Alfred Maurer Girl in White, c. 1901
person in white dress standing in front of a door
Alfred Maurer
Girl in White, c. 1901
Oil on wood panel, 24 x 19 3/8 inches
1953.307

ABOUT THE ART

Alfred Maurer’s earliest paintings reveal his interest in a pervasive late nineteenth-century tradition of painting women as objects of beauty and contemplation. Girl in White, from 1901, is an example of Maurer’s mastery of the style of the important American expatriate James McNeill Whistler, the founder of Aestheticism. This movement emphasized tonal subtlety and harmony in painting rather than the exact replication of visual reality.

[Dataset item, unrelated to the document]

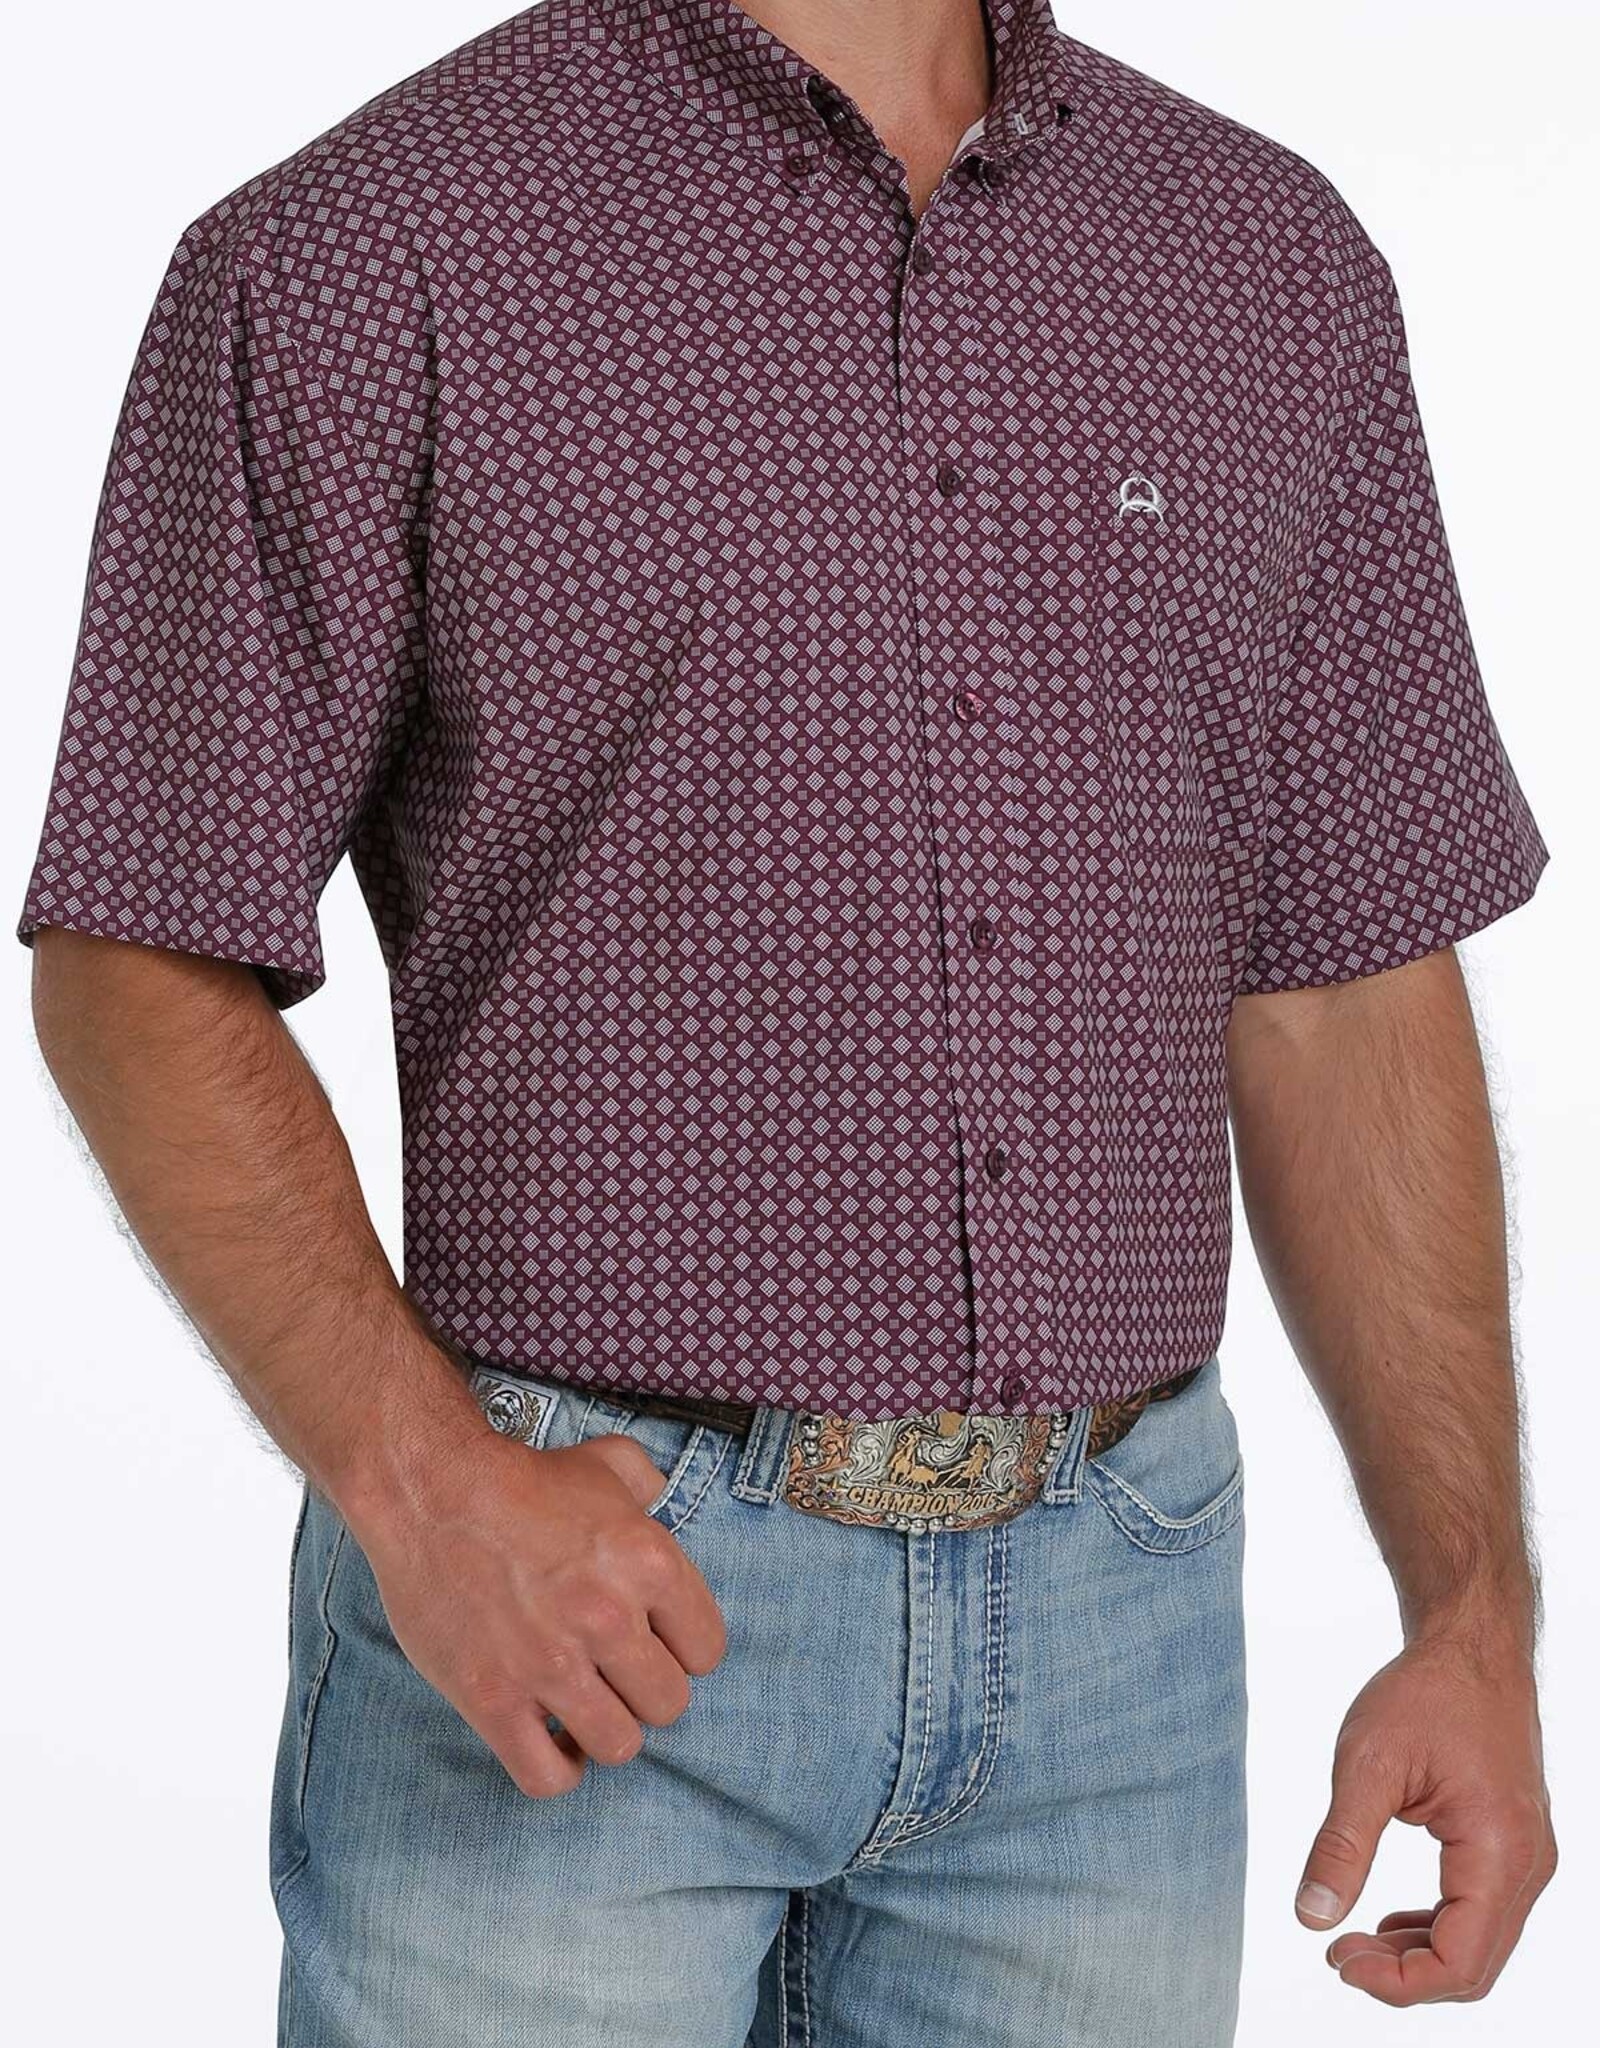 Cinch Mens Cinch Short Sleeve Purple Print Arena Flex Western Button Shirt
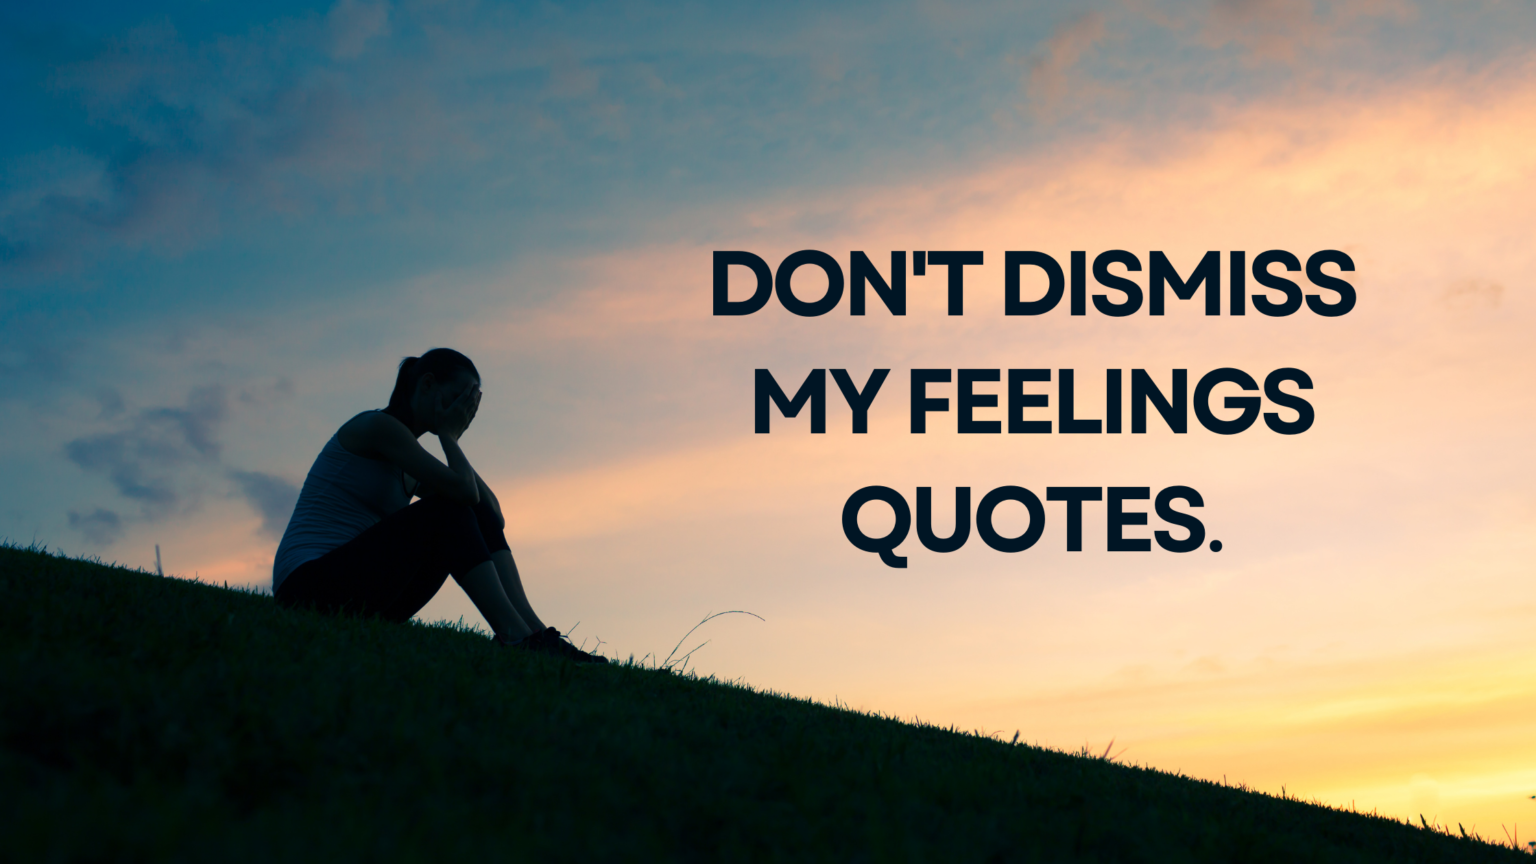 Don't Dismiss My Feelings Quotes. - Demands Jobs.com

The subject of Girl in White typifies the sheltered life of bourgeois American women at the turn of the twentieth century. Maurer contrasts the figure of the girl, with her sweeping dress and soft hair, to the strict lines of the domestic interior, alluding to her entrapment within her social class.

ABOUT THE ARTIST

Although best known as a figure painter, Alfred Maurer produced a varied body of work that encompassed the major themes and stylistic directions in American art from 1890 to 1930. Female figures were his earliest and latest subjects, but he also created landscapes, still life paintings, genre scenes, abstractions, and at least two self-portraits. He was born in New York City, one of three children of successful Currier and Ives lithographer Louis Maurer. Arthur Dove and Marsden Hartley closely influenced Maurer, and by 1919 he began integrating Cubism into his art.